JFD Australia, which has provided Australia’s submarine rescue capability for more than a decade, recently completed the annual Black Carillon submarine rescue certification exercise in partnership with the Royal Australian Navy off the coast of Western Australia.

The rescue system can not only save submariners from a disabled submarine but  also treat them once they are safely out of the water. The system includes a piloted submarine rescue vehicle that after being launched from a supply ship, dives down to locate and mate with a disabled submarine, a transfer-under-pressure chamber to transport the rescued crew to the water’s surface and a state-of-the-art hyperbaric equipment suite, delivered into service just two years ago, that can provide crucial medical treatment once personnel are back on the ship. This means the entire crew of a Collins-class submarine (or an Attack-class submarine), some 60 personnel, can be saved and then treated for any medical conditions as quickly and efficiently as possible.

“This is a critical sovereign capability for Australia and is what submarine rescue is all about,” said Toff Idrus, managing director, JFD Australia. “Nothing is more important to us than keeping submariners safe, it is our highest priority.”

Participating in Black Carillon 2020 was JFD Australia’s team of local operators and tradespeople based at the company’s national headquarters and advanced production facility at Bibra Lake, south of Perth.

Globally, JFD provides submarine rescue services to the North Atlantic Treaty Organisation (NATO), which includes the British Royal Navy and French Navy, as well as navies in India, Singapore, South Korea and Sweden.

Australia uses the Manned Submersible LR5 rescue vehicle.

Recently, Australia’s submarine rescue capability was called into question, forcing the chief of the Royal Australian Navy, Vice Admiral Michael Noonan, to hit back at an ABC News report that warned the Navy’s fleet of submarines had “limited ability” to save trapped submariners. “I reject the premise in the ABC article, ‘Veteran warns Australia’s Collins Class submarine fleet has limited ability to save trapped submariners’, that our submarines are not safe, or that Defence is not providing a safe work environment for our submariners,” Noonan said in a statement released Wednesday. “Their safety is our number one priority.

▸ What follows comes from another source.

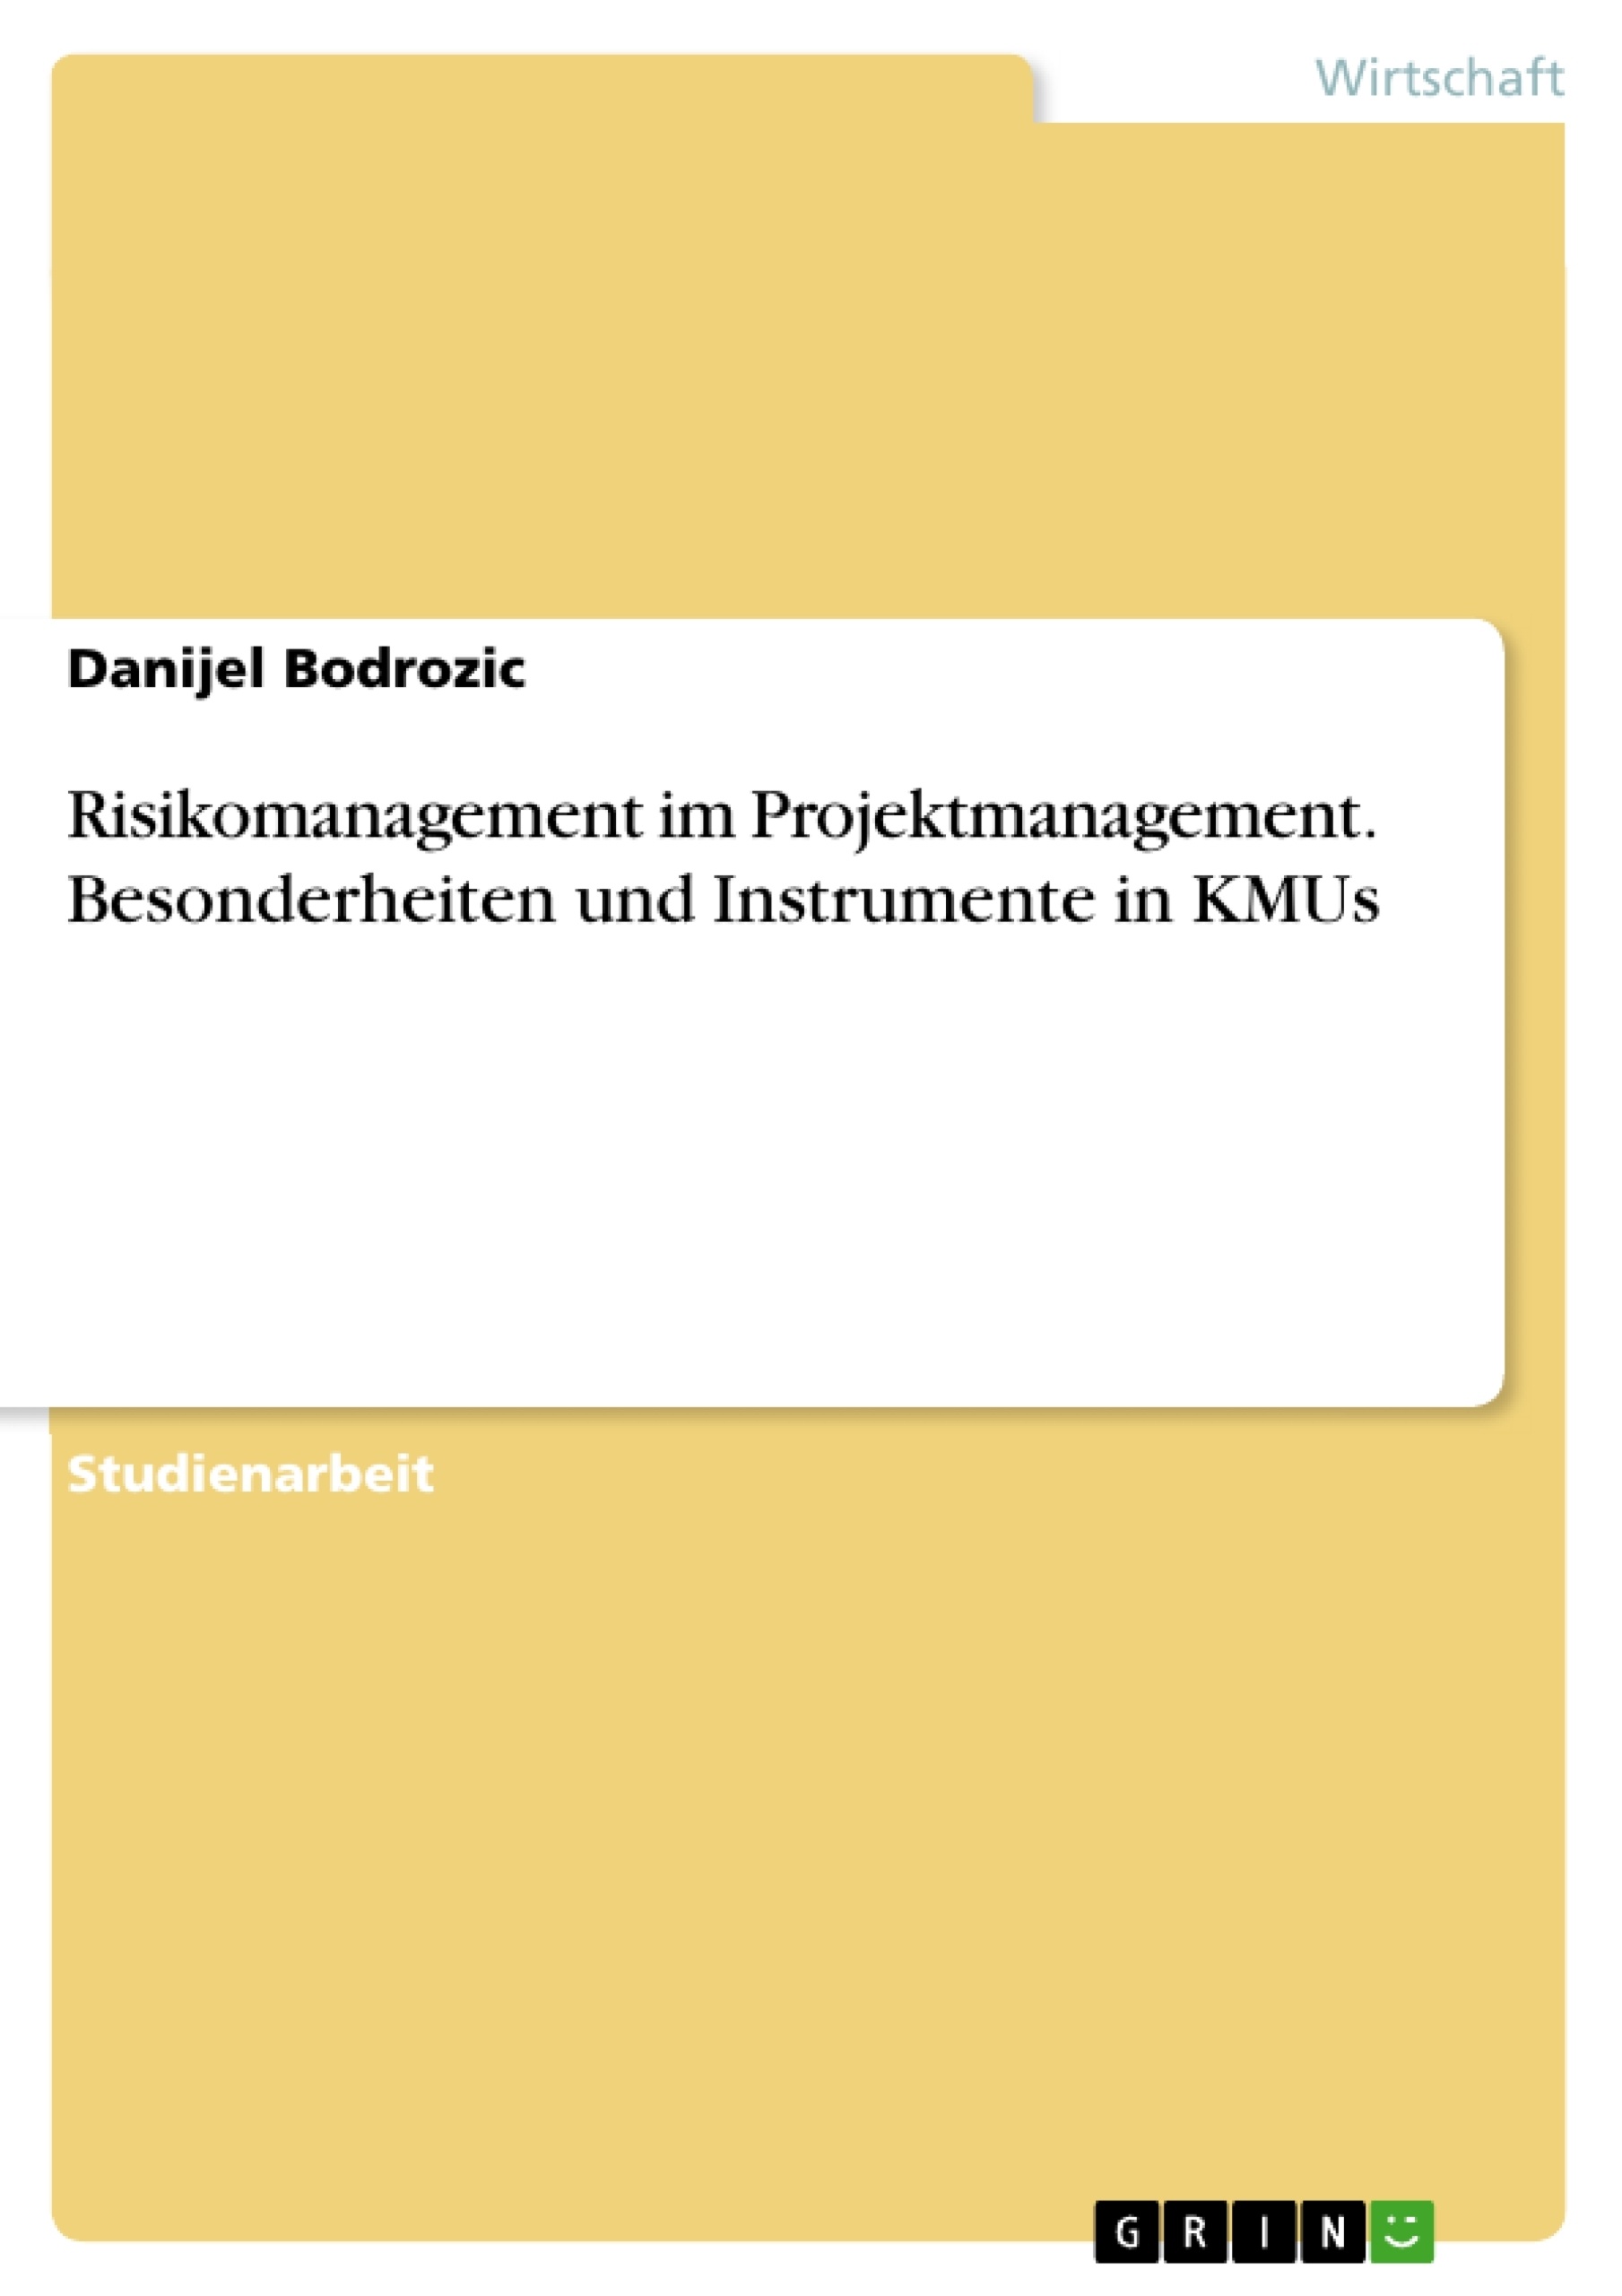 Título: Risikomanagement im Projektmanagement. Besonderheiten und Instrumente in KMUs

Royal Australian Navy submariners are a professional force, trained and equipped to manage all possible eventualities related to submarine operations.

Chief of Navy, Vice Admiral Michael Noonan.

“Defence has an existing contracted submarine escape and rescue service provider that is certified to provide services for all likely scenarios and operational areas under which submarine rescue would be performed,” Noonan added. “Australia is also a member of an international coalition established by NATO to provide submarine escape and rescue services globally. This coalition was established to provide global support to submarine rescue operations. Navy’s rescue systems are annually tested and certified through Exercise Black Carillion, currently being conducted off Western Australia.”

In the ABC report, a former Navy clearance diver who helped produce the first rescue system for Australia’s Collins Class submarines has warned the fleet’s interim safety equipment has limited ability to save trapped submariners. Last week the ABC revealed Defence was considering cancelling a A$297 million contract with a US company to provide a new “submarine escape rescue and abandonment system” by 2022.

The revelations have prompted a 50-year veteran of the military to warn Australia’s ageing submarine rescue system has severe limitations and any delays in acquiring a replacement could open a dangerous capability gap. Captain Anthony “Dusty” Miller, who helped introduce the “Remora” remotely operated rescue vehicle to Australia in 1995, said he was speaking out publicly over deep concerns held within the submariner community. “Seeing what’s happening today with the possible cancellation of the current contract, myself and others are very concerned with the safety consequences from this,” he told the ABC.

Since 2009 the Royal Australian Navy has operated the British manned LR5 submersible for its Collins Class fleet, but the system is scheduled to reach its end of life in 2024, ABC reported.